**Assigned task:** You are asked to copy the entire listing exactly, apart from its pictures.

[Dataset excerpt — start]

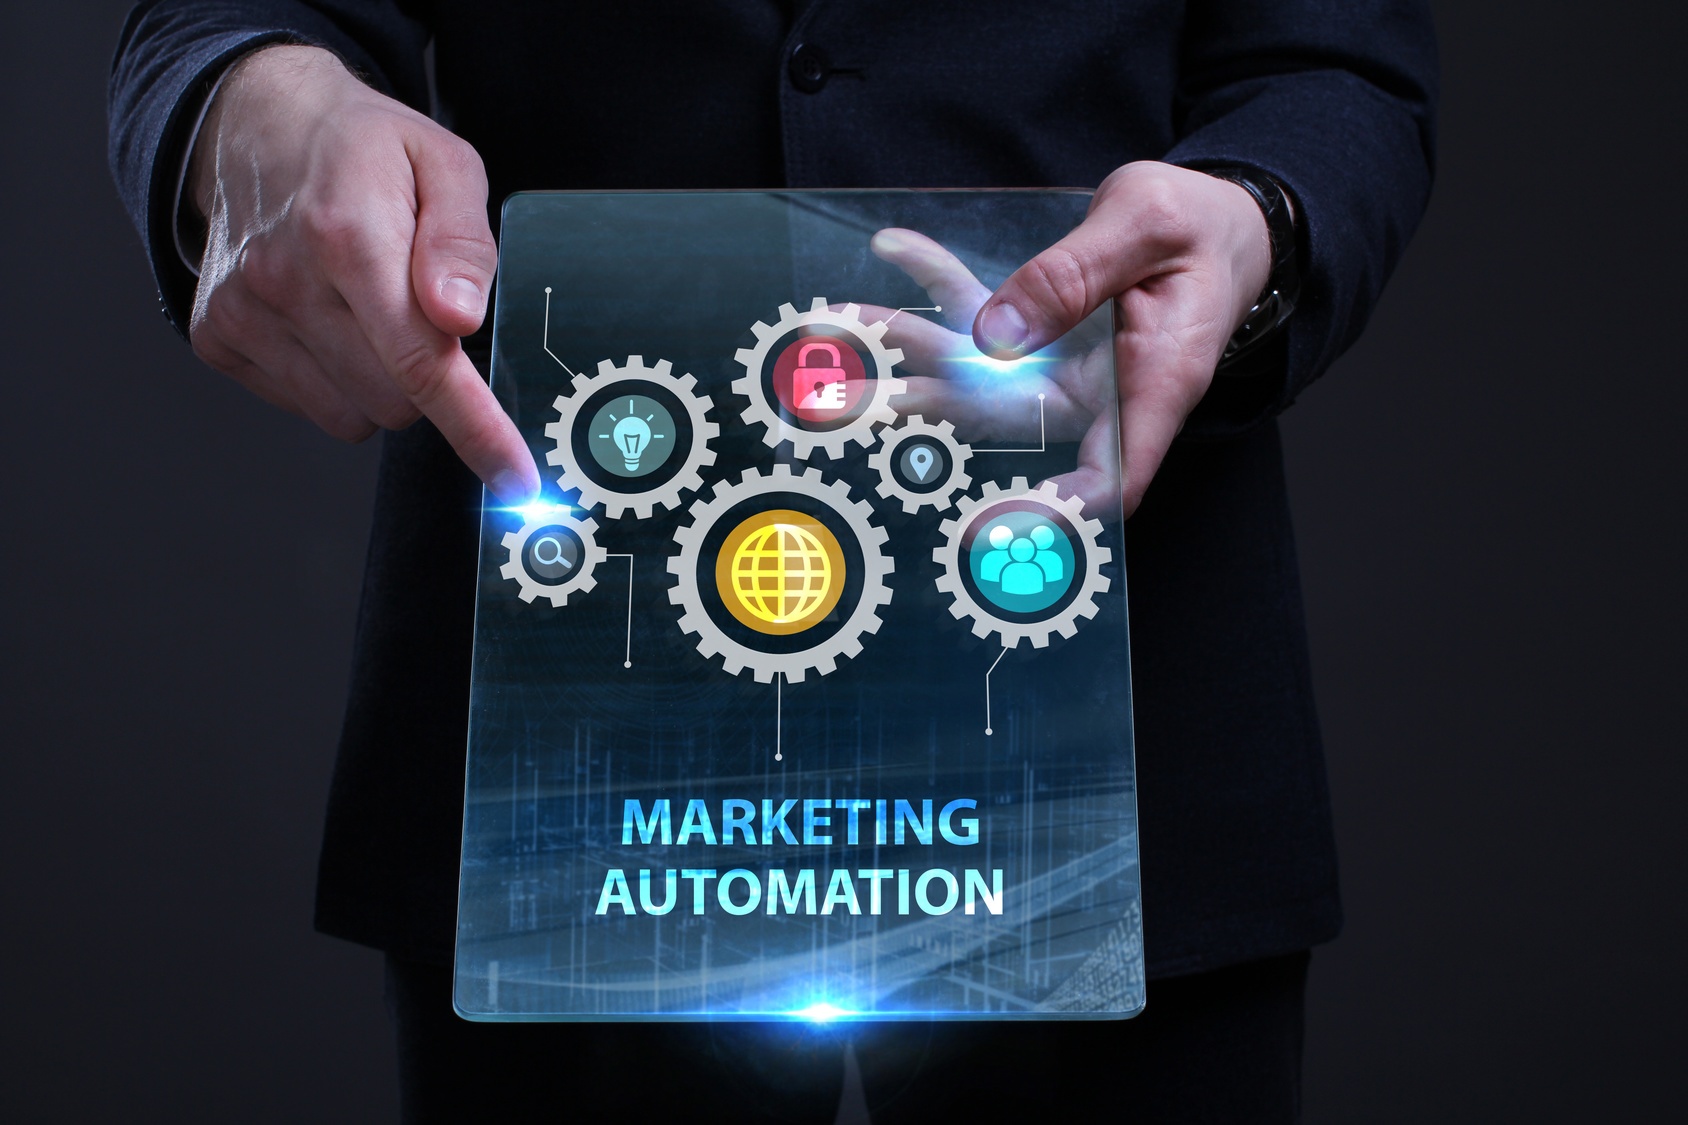 Digital Marketing Automation: How To Leverage Machine Learning
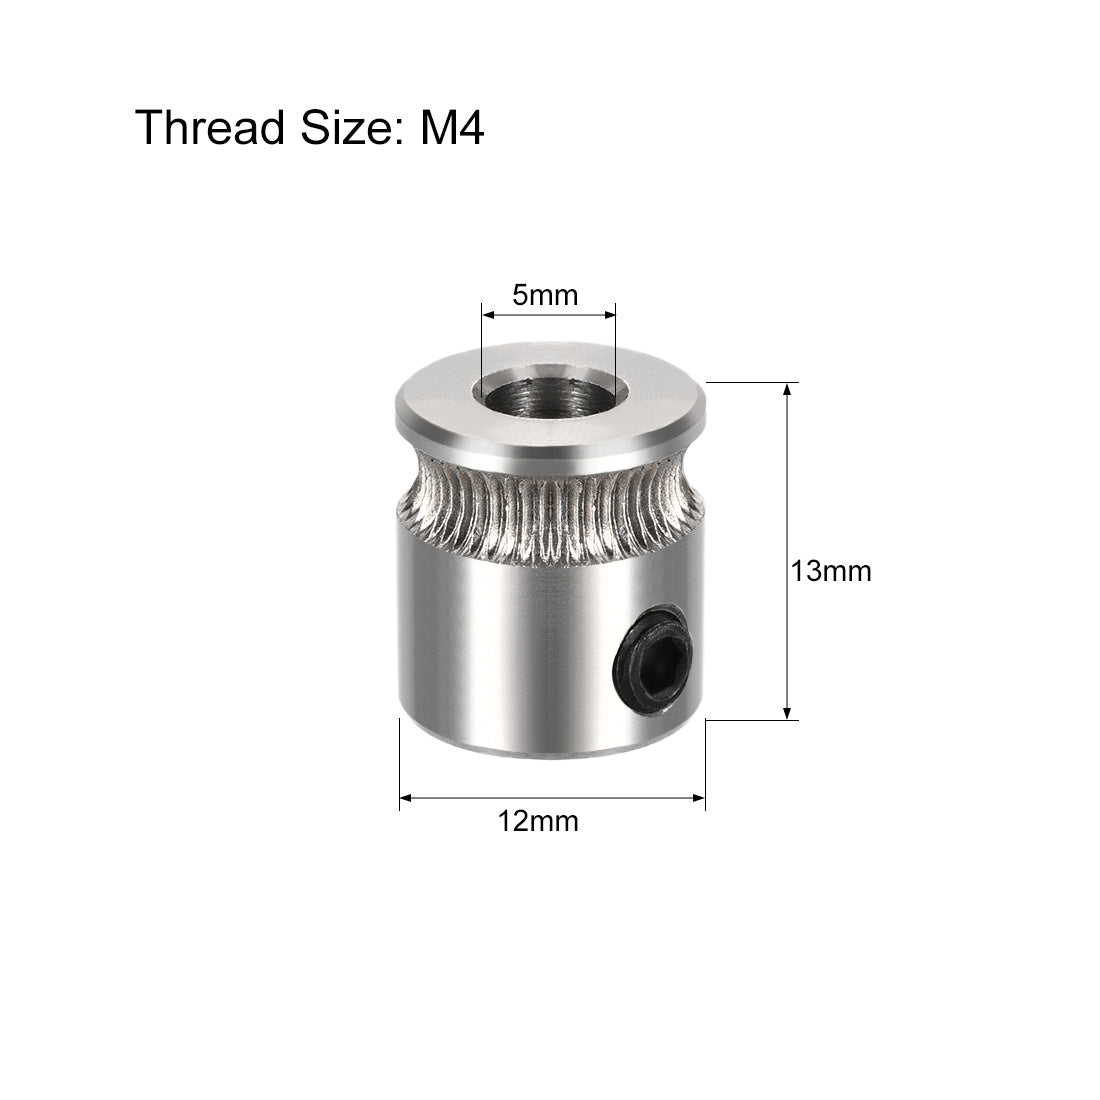 uxcell Uxcell MK7 Drive Gear Direct Extruder Drive 5mm Bore for Extruder 5pcs
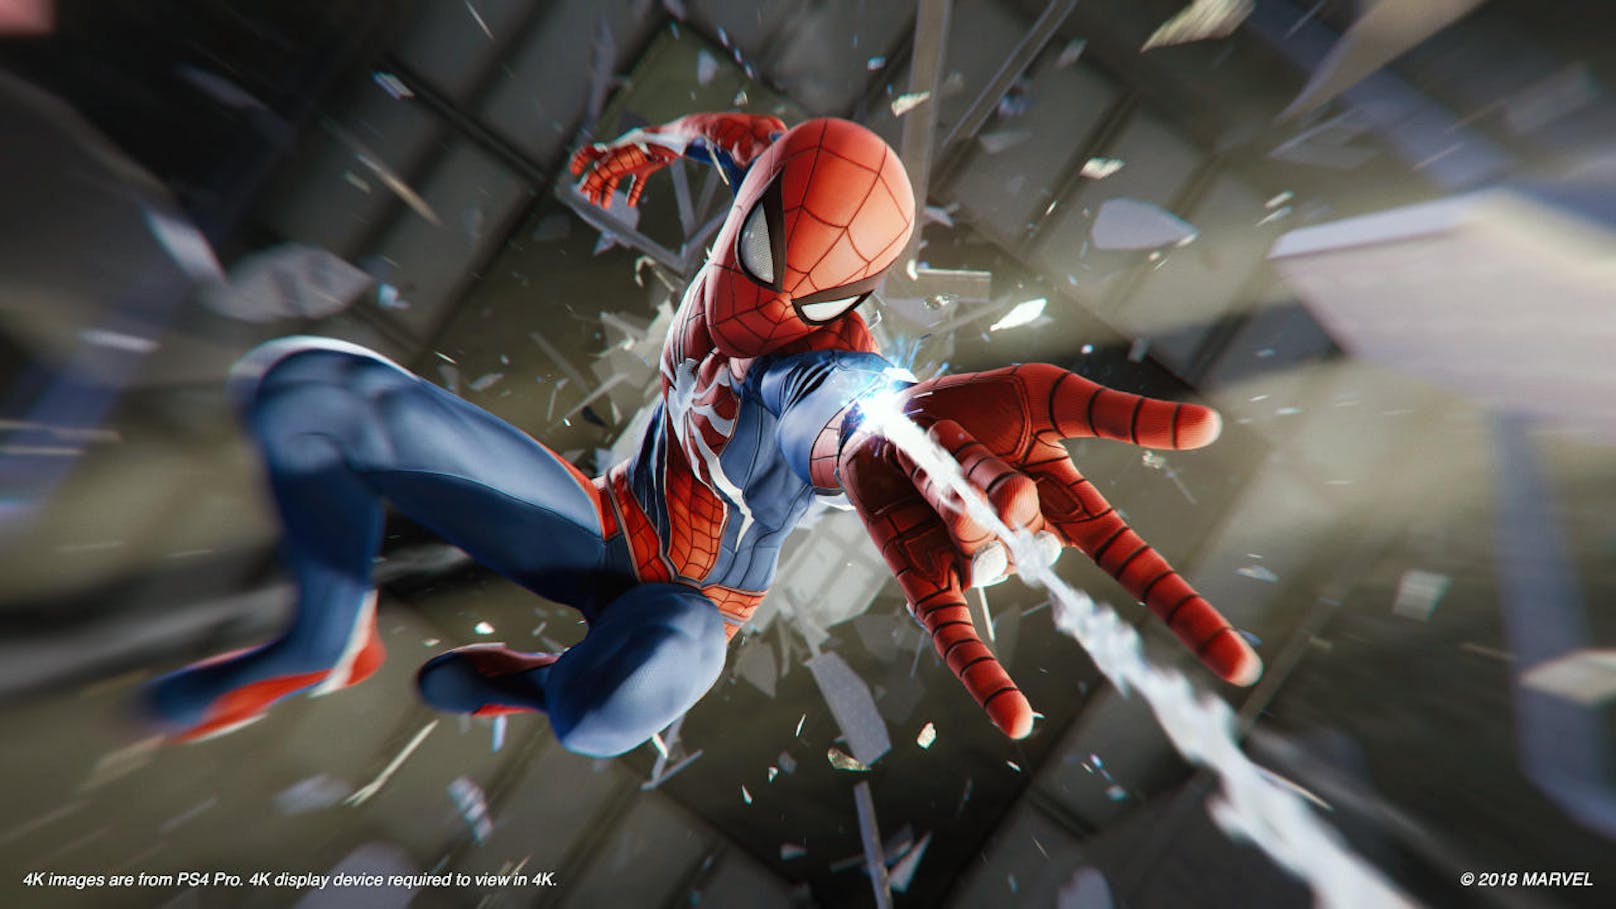  <a href="https://www.heute.at/digital/games/story/Marvels-Spider-Man-PlayStation4-PS4-Test-Review-Insomniac-Games-Sony-42519981" target="_blank">Marvel's Spider-Man</a>

[Dataset excerpt — finish]

**Answer space:**
 Digital Marketing Automation: How To Leverage Machine Learning
 uxcell Uxcell MK7 Drive Gear Direct Extruder Drive 5mm Bore for Extruder 5pcs
  <a href="https://www.heute.at/digital/games/story/Marvels-Spider-Man-PlayStation4-PS4-Test-Review-Insomniac-Games-Sony-42519981" target="_blank">Marvel's Spider-Man</a>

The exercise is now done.